*STORED DATA*.
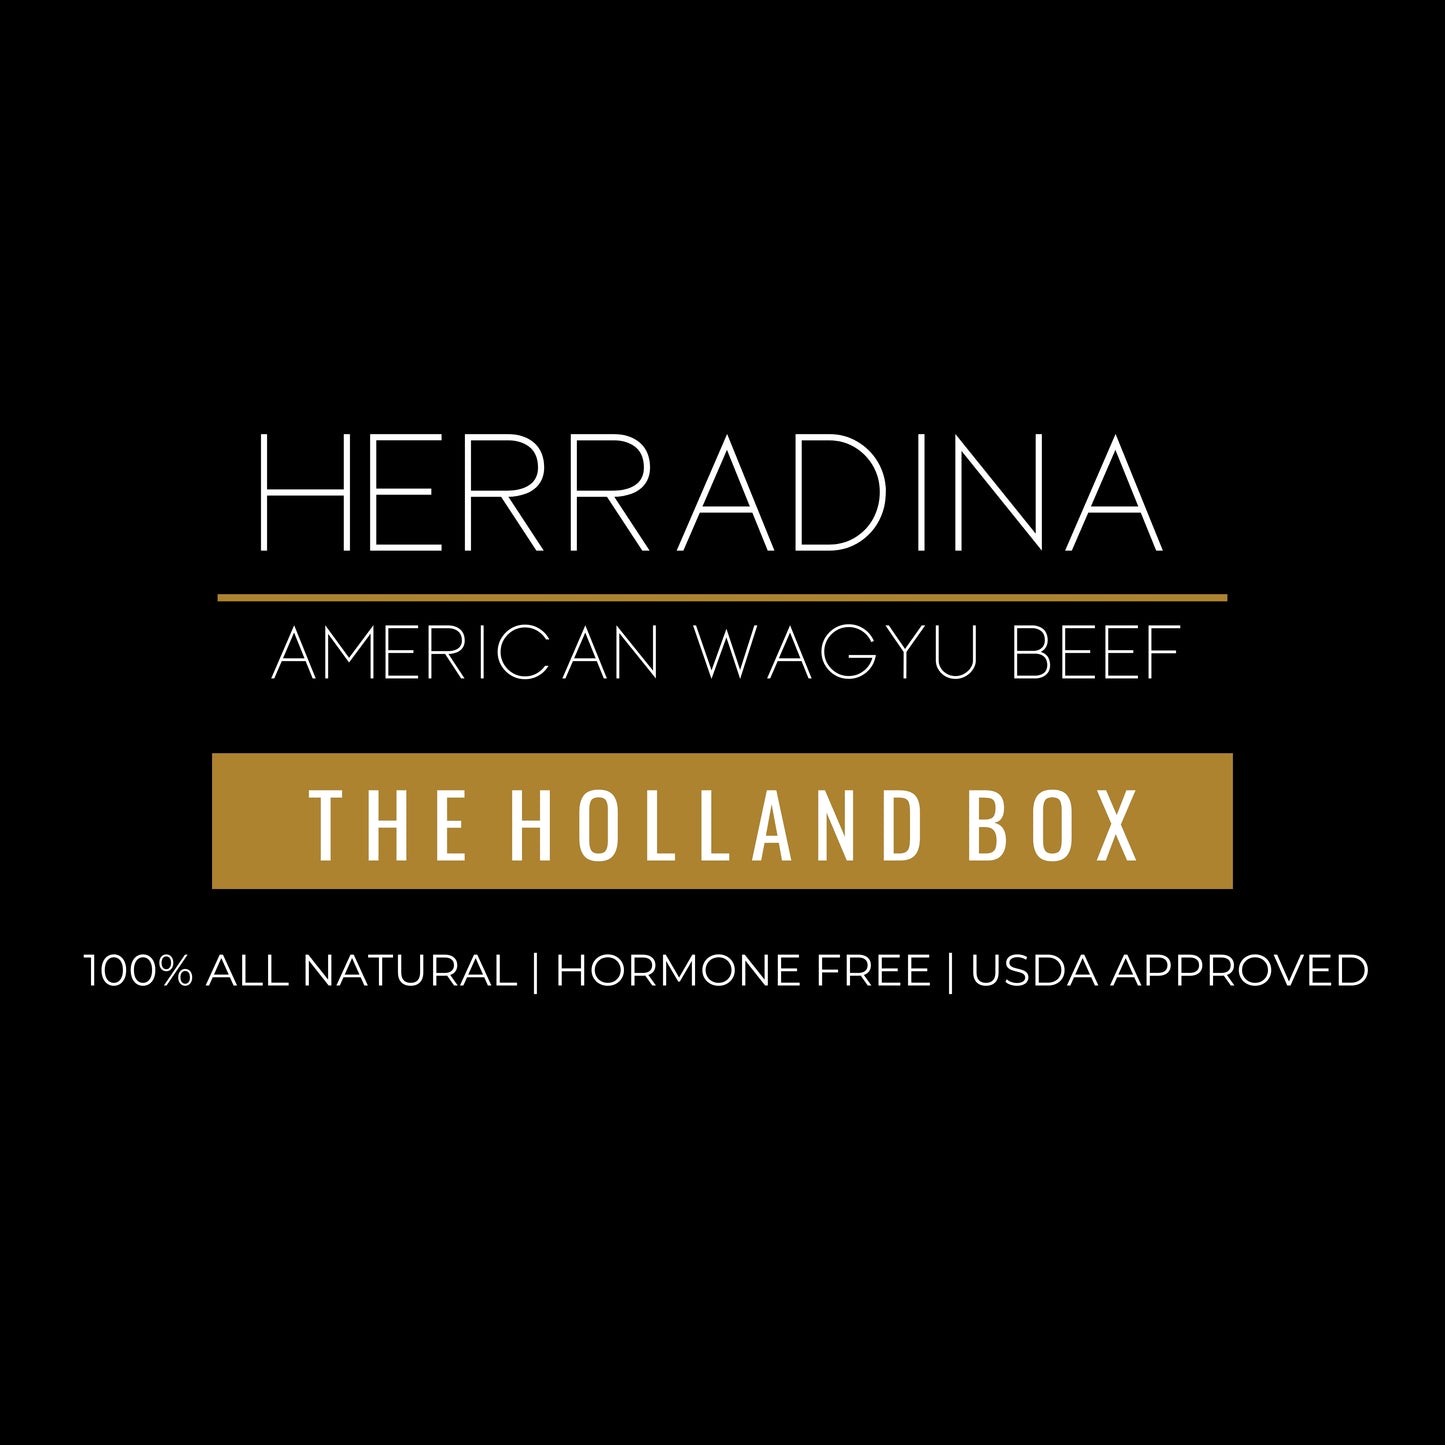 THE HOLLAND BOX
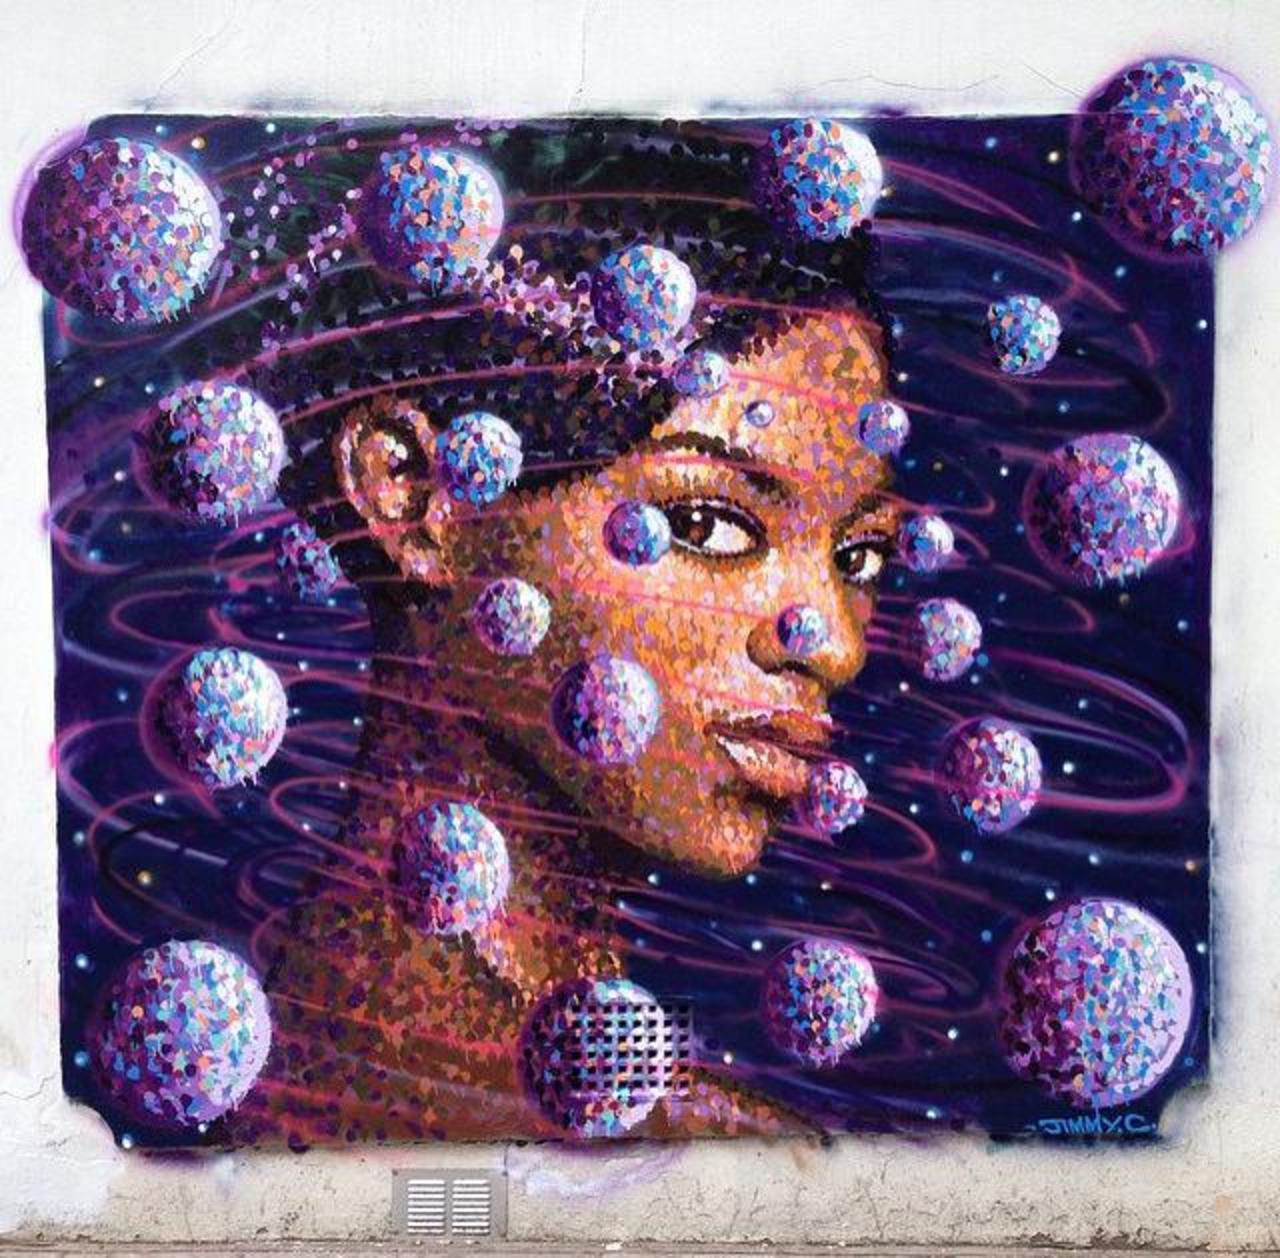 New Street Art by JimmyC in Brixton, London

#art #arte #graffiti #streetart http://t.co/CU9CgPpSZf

*WHAT THE TASK ASKS*. If a picture falls within the lines from the one containing "New Street Art by JimmyC in Brixton, London" through the end of the material, leave it out while repeating those lines exactly.

*REPLY*.
 New Street Art by JimmyC in Brixton, London

#art #arte #graffiti #streetart http://t.co/CU9CgPpSZf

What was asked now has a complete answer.